Выбрать главу

- Отставить разговоры, - сказал Буш.

Хорнблоуэр отступил с поля боя, забыв, зачем спускался вниз. Не может он говорить с женщинами о жаловании. С их мужьями обошлись возмутительно, перевезли, как заключенных, с одного корабля на другой, лишь подразнив близостью берега, и жены (а среди них наверняка есть и законные жены, хотя адмиралтейские правила не требуют в данном случае документа о браке, только устное заверение) негодуют вполне справедливо. Никто, даже Буш, не знает, что выданные команде несколько гиней Хорнблоуэр взял из собственного жалованья. Ему самому не осталось ничего, только офицерам на поездку за рекрутами.
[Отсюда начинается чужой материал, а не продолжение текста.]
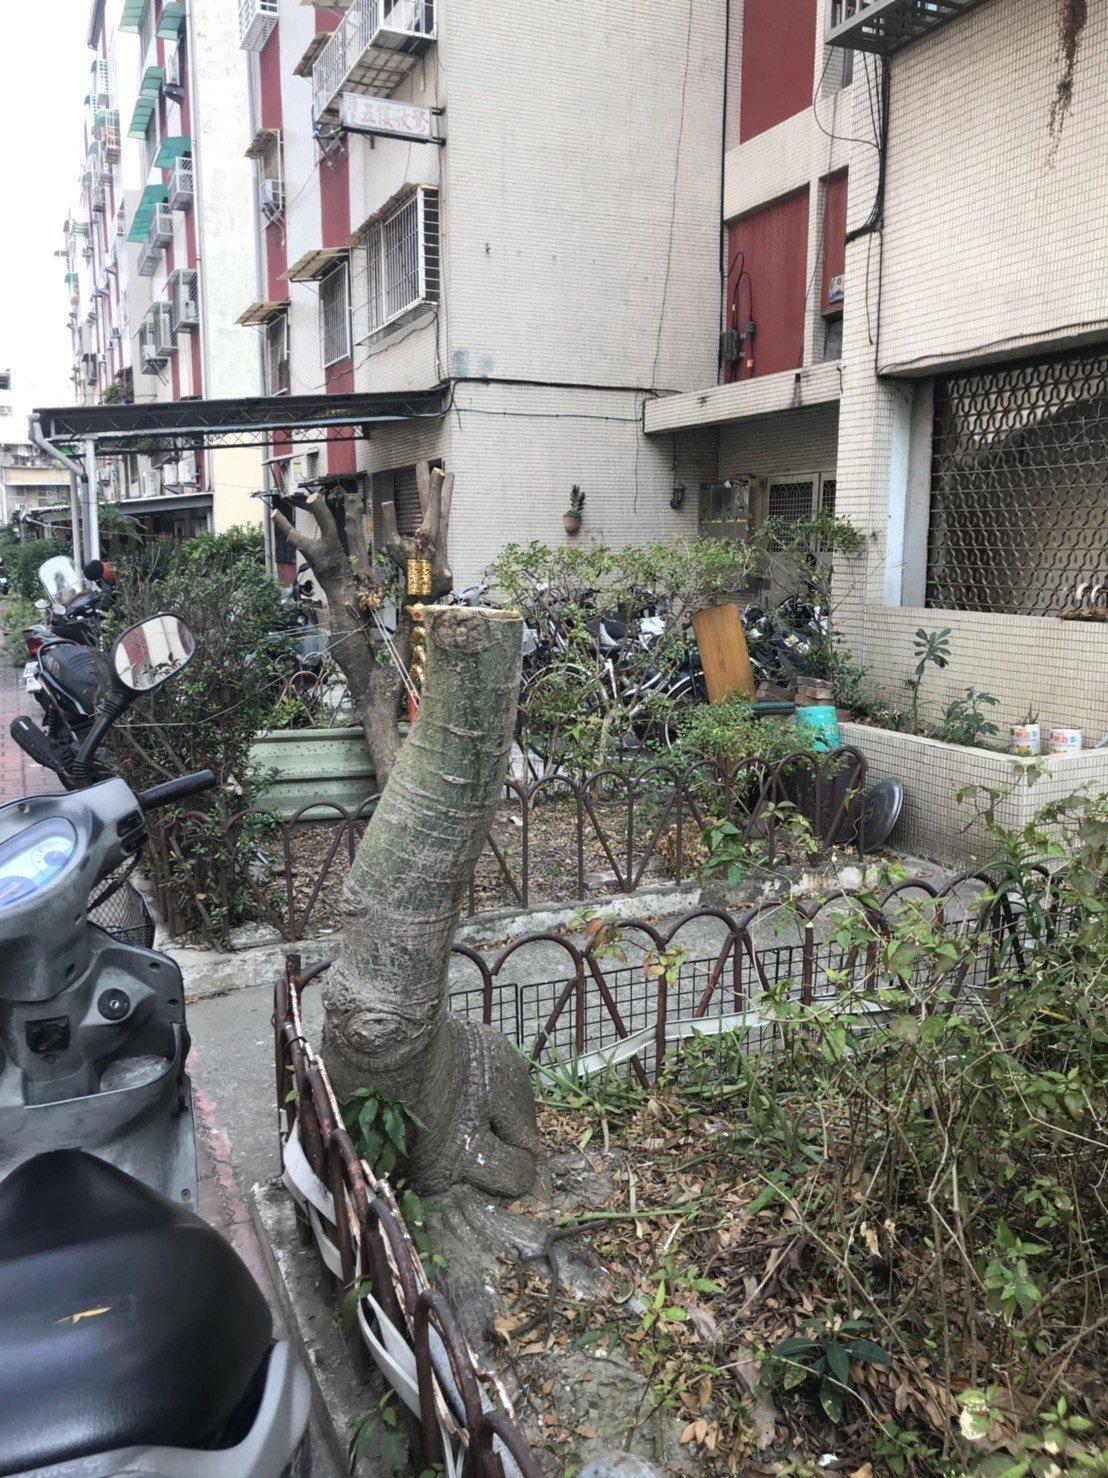 台南市東區衛國社區的路樹遭攔腰砍斷,居民議論紛紛 圖/取自網路

Быть может, побуждаемый живым воображением и нелепой чувствительностью, он несколько преувеличивал тяготы матросской жизни. Его возмущала мысль об огромном блудилище внизу, где матросу положено восемнадцать дюймов, чтобы повесить койку, и его жене - восемнадцать дюймов, бок о бок в длинном ряду - мужья, жены, холостяки. Его коробило, что женщины питаются отвратительной матросской едой. Возможно, он недооценивал смягчающую силу привычки.

Он вынырнул из переднего люка на главную палубу. Его не ждали. Томсон, один из баковых старшин, как раз занимался новобранцами.
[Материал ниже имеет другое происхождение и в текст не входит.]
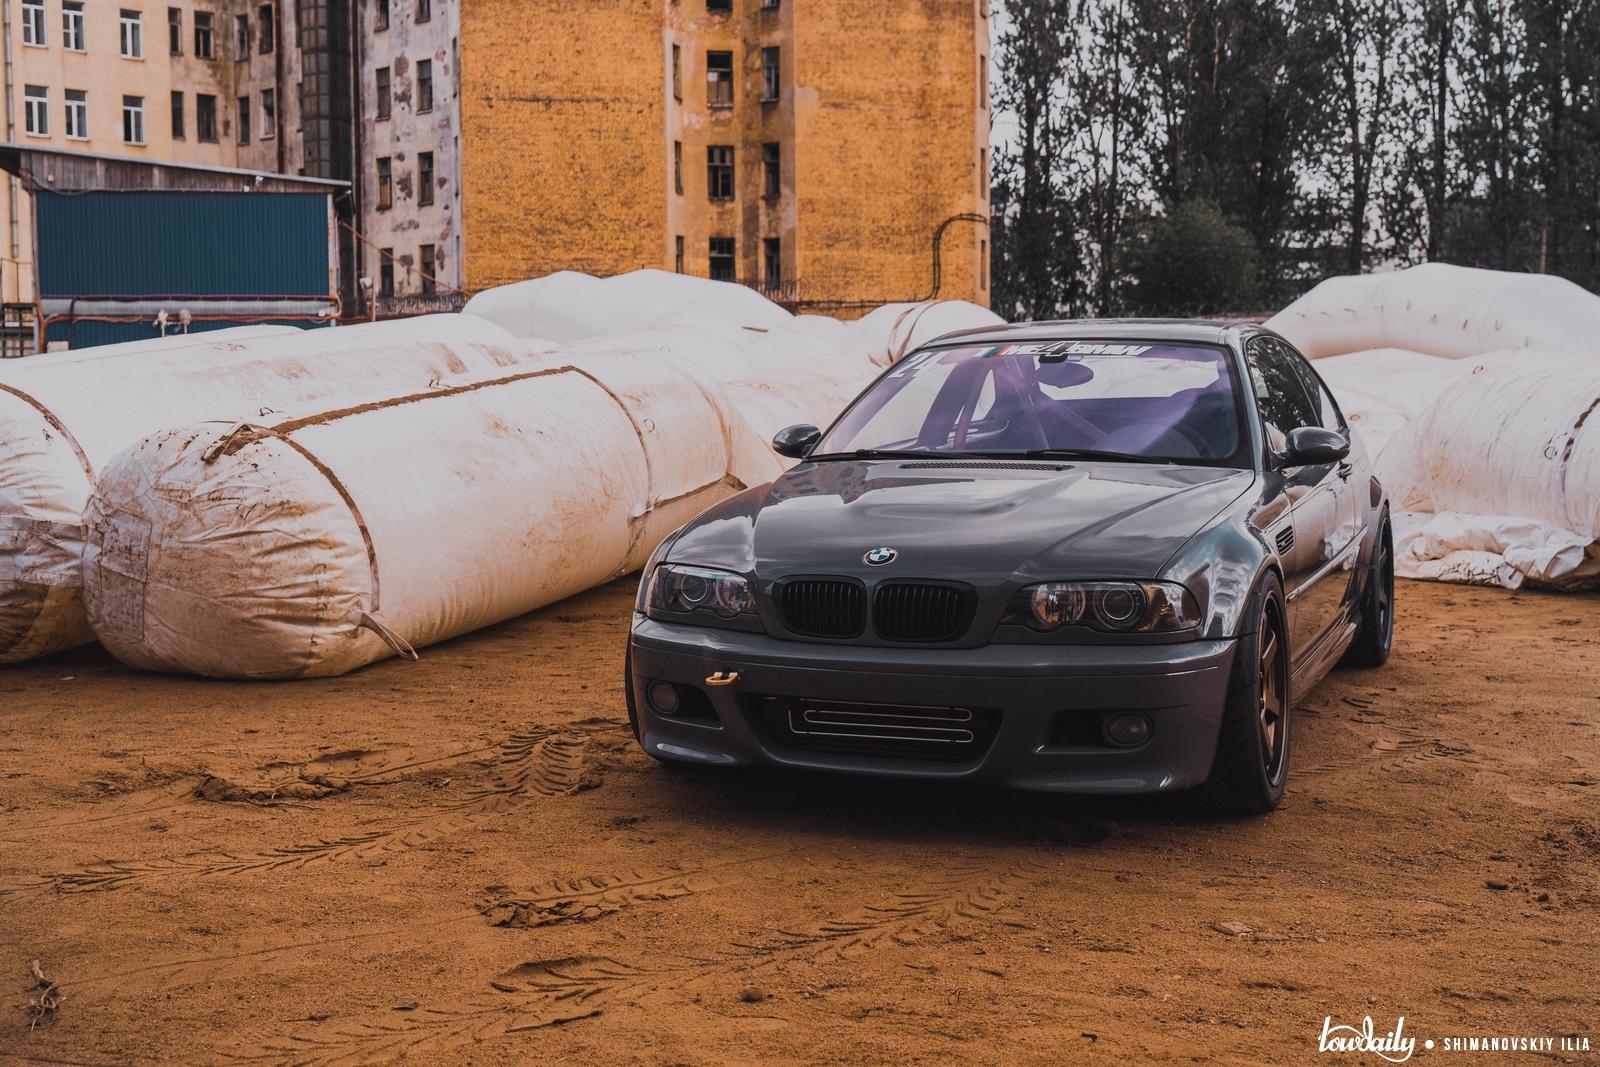 BMW e46 m3 time4bmw DSC02380

- Может быть, мы сделаем из вас моряков, - говорил он, - а может быть и нет. Как пить дать, еще до Уэссана не дойдем, отправитесь за борт с ядром в ногах. Только ядрам перевод. Ну-ка давай под помпу, вшивота тюремная. Скидавай одежу, нечего задницы прятать. Вот дойдет дело до кошек, мы и кожу с вас спустим...

- Прекратите, Томсон! - заорал Хорнблоуэр в ярости.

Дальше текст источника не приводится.